*** EXERCISE DATA ***

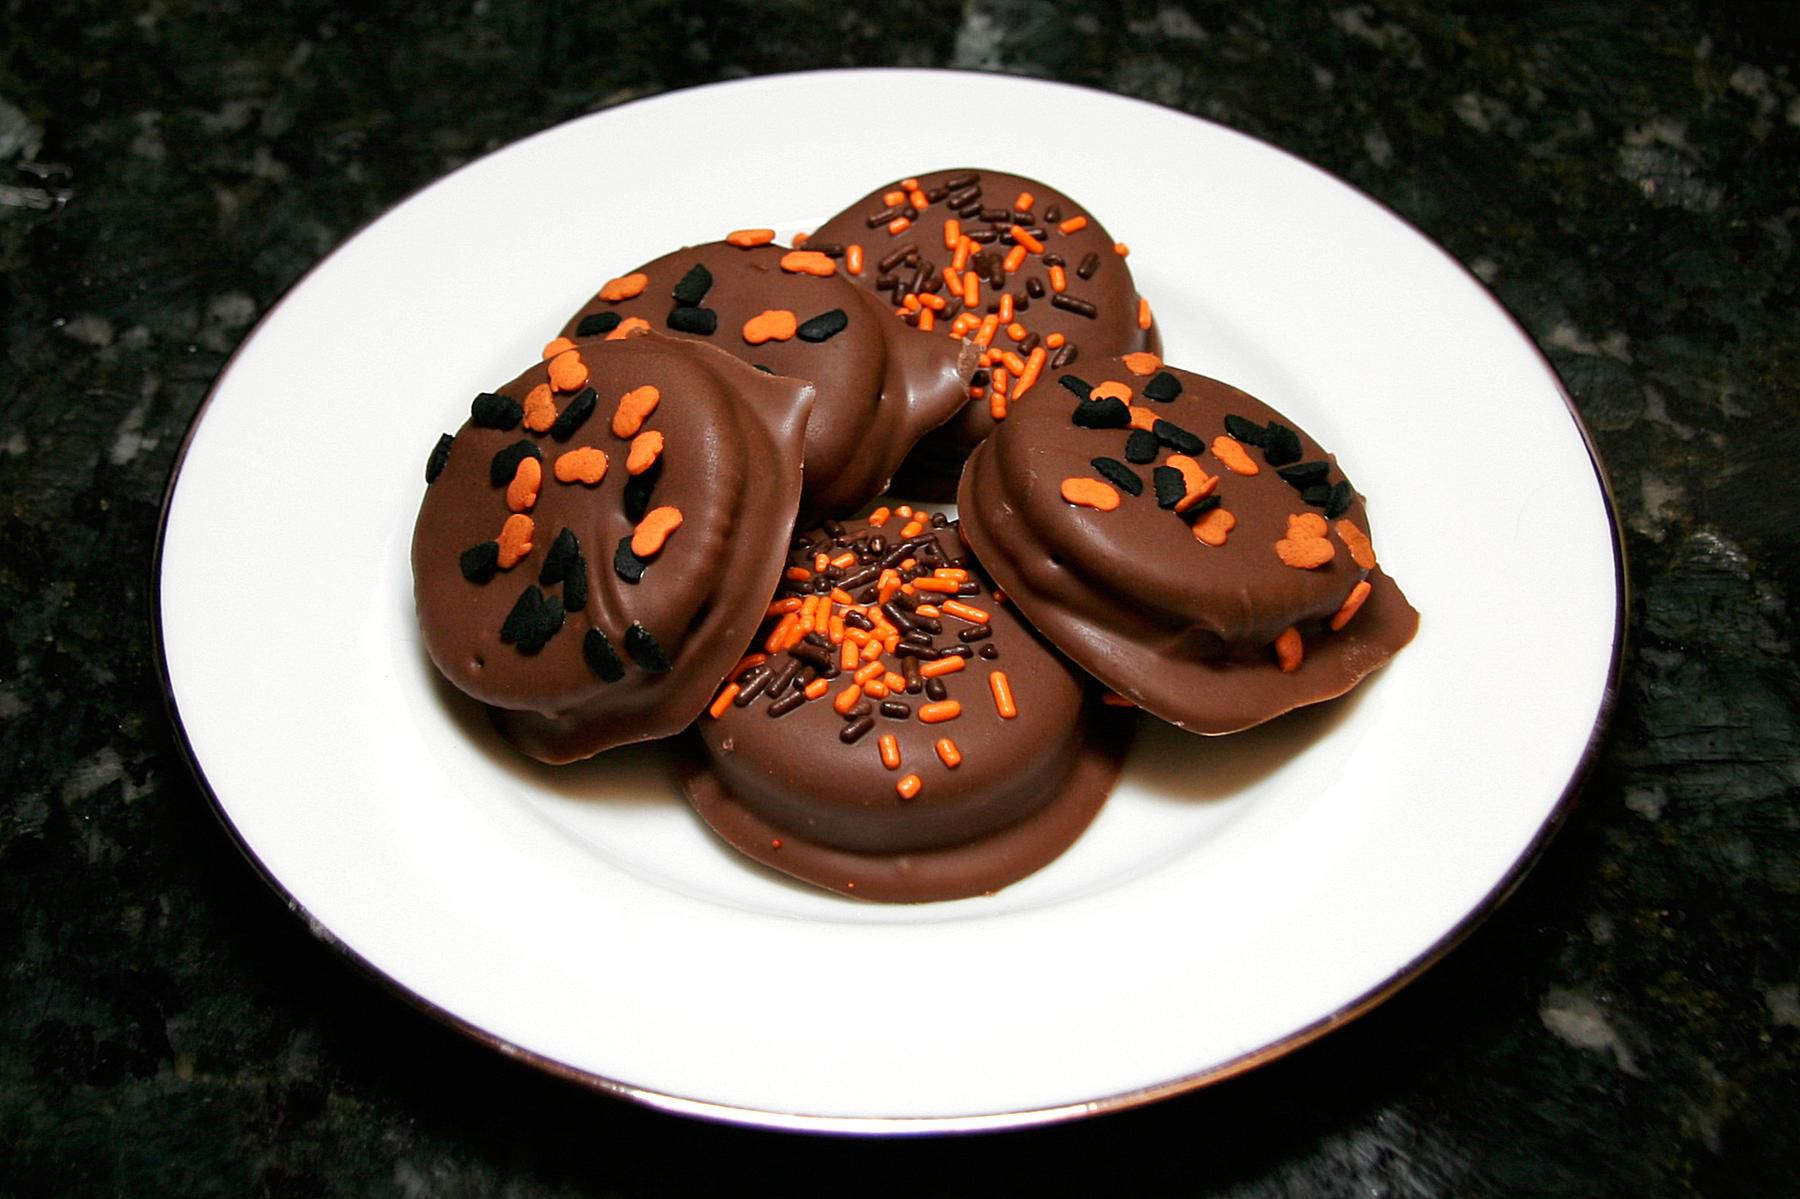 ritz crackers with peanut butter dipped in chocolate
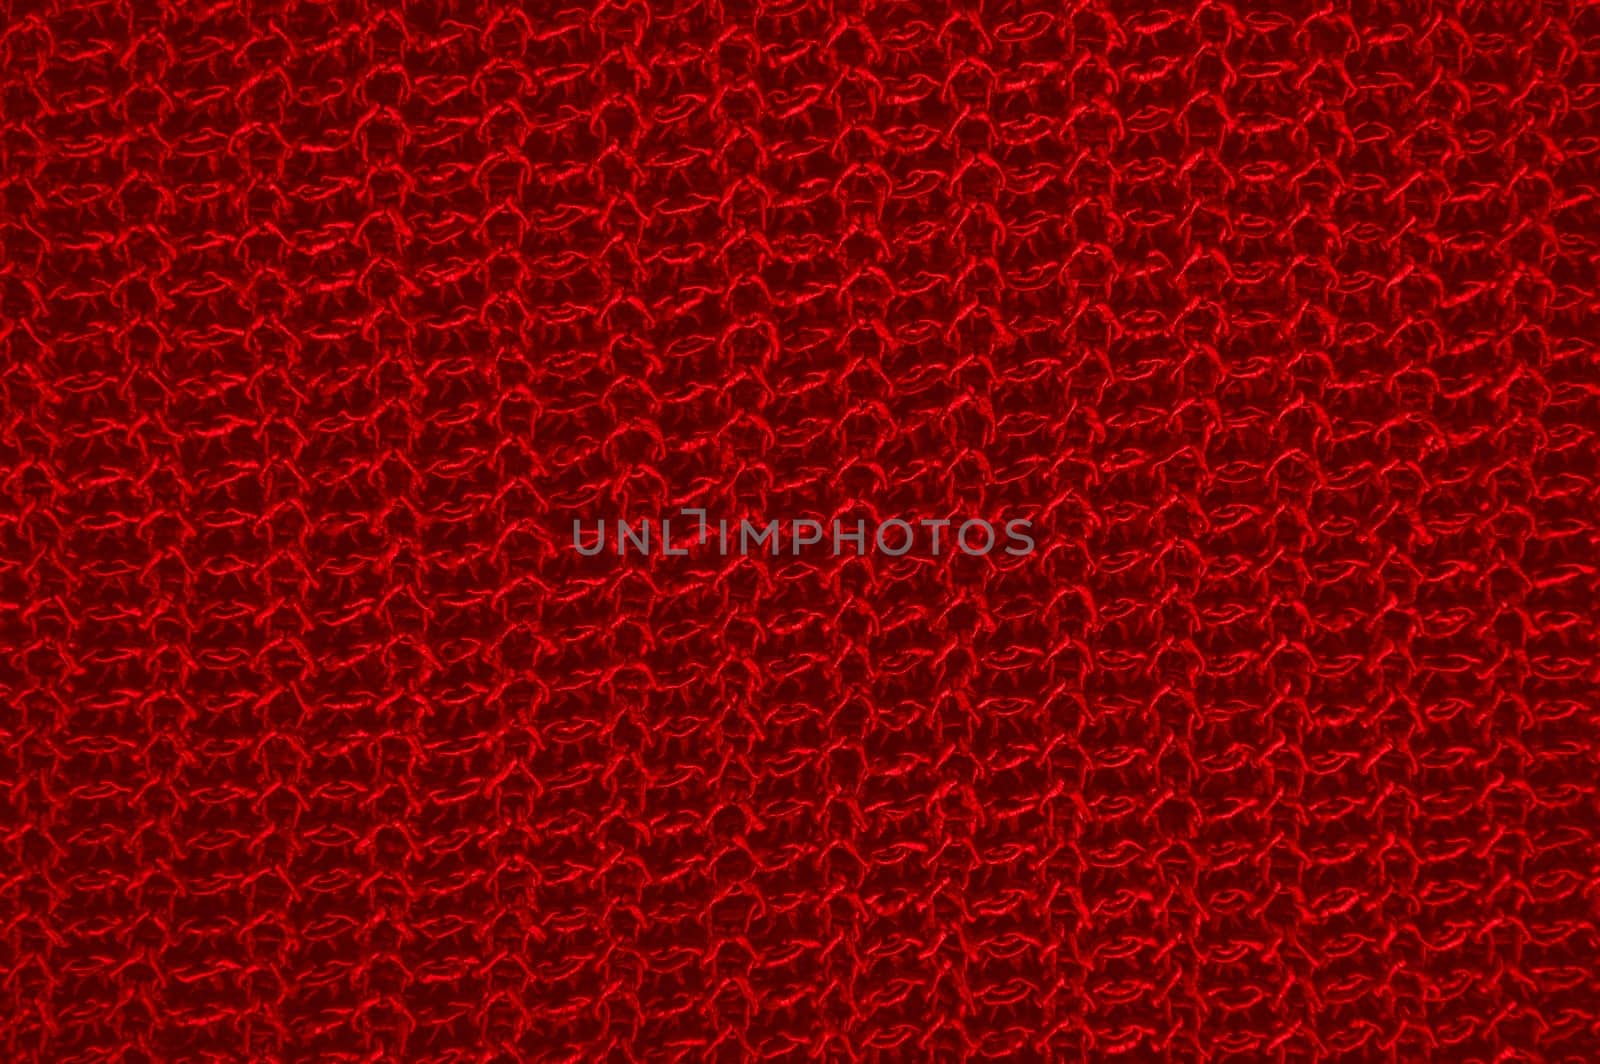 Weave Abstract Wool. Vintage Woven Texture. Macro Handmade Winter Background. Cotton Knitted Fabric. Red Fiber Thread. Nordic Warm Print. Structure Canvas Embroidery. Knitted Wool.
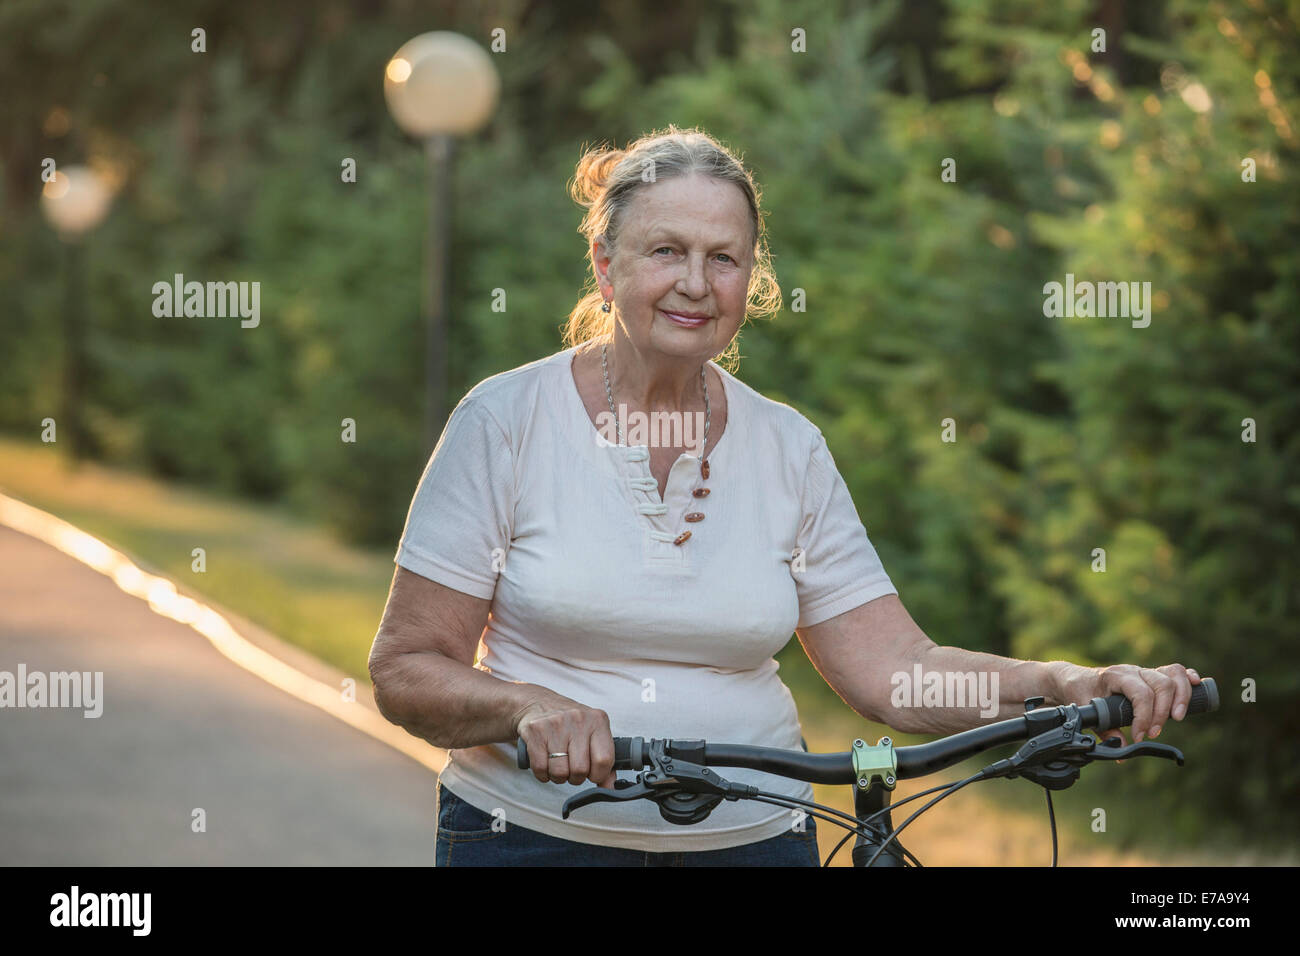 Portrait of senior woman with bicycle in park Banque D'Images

*** End of EXERCISE DATA ***

REQUIRED ACTION = Keeping every word as it is, write out all the data and omit the pictures.

WRITTEN ANSWER =
 ritz crackers with peanut butter dipped in chocolate
 Weave Abstract Wool. Vintage Woven Texture. Macro Handmade Winter Background. Cotton Knitted Fabric. Red Fiber Thread. Nordic Warm Print. Structure Canvas Embroidery. Knitted Wool.
 Portrait of senior woman with bicycle in park Banque D'Images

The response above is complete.